Отто налил Нинке выпивки. Она решала мгновенье: остаться ли, – и решила остаться.
– Тысяча!
– Тысяча слева. Тысяча – раз! Тысяча – два!
– Тысятша сто, – сказал Отто просто так, неизвестно зачем: рубаха именинника не нужна ему была точно, демонстрировать финансовое свое благополучие он тоже, очевидно, не собирался.
– Господин Зауэр – тысяча сто. Тысяча сто – раз!
– Тысяча двести!
Юбиляр с голым, шерстью поросшим торсом, благодушно улыбаясь, следил за торгами с почетного своего места.
Отто поглядел на соседку с холодным любопытством:
– Хотите, я фс фыстафлю на аукцион?

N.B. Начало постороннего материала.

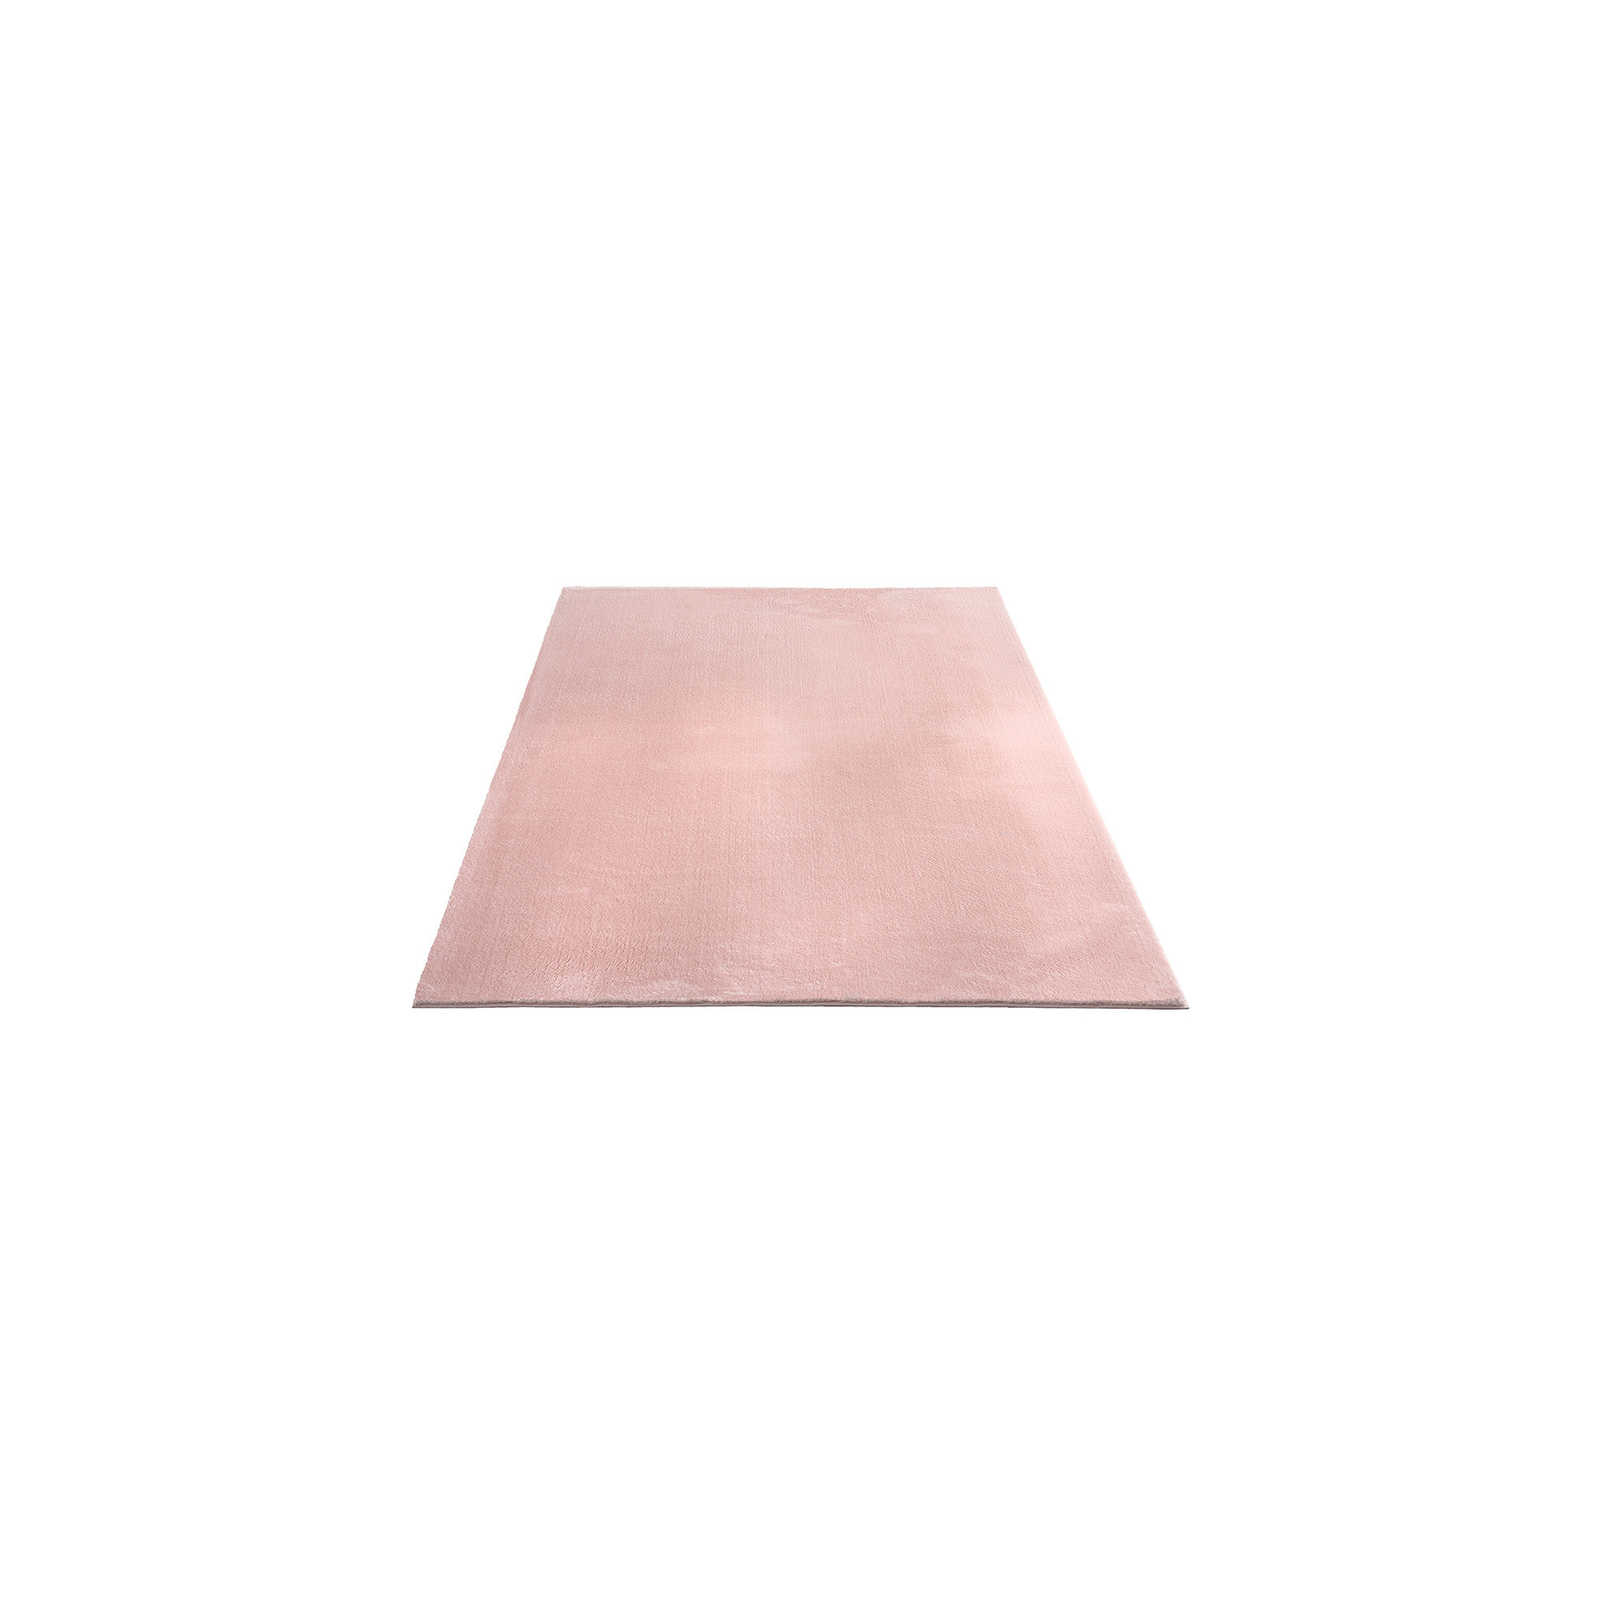 Zarter Hochflor Teppich in Rosa – 170 x 120 cm

Авось соберете. Стартовую цену назнатшим три тысятши.
– Долларов? – поинтересовалась Нинка.
– О, да! – отозвался Отто. – Не сертитесь, но сами толшны понимать, тшто это несколько! тороковато. На Риппер-бан фам тали бы максимум! марок твести. Но сдесь собрались люти корячие, асартные. И не снают пока настоящей цены теньгам.
– Левый башмак юбиляра! – продолжал тамада аукцион.
– И что я должна делать с тем, кто меня купит?
– Если купят! – значительно выделил Отто первое слово и пожал плечами: – Могу только пообещать, тшто я фас приопретать не стану. И тшто все вырученные теньги перейдут фам. Пез куртажа. Сокласны?
Нинка выпила и кивнула.
– Две с половиной справа!
Отто встал, подошел к юбиляру, нашептал что-то тому на ухо, взглядом указывая на Нинку, юбиляр поманил склониться тамаду.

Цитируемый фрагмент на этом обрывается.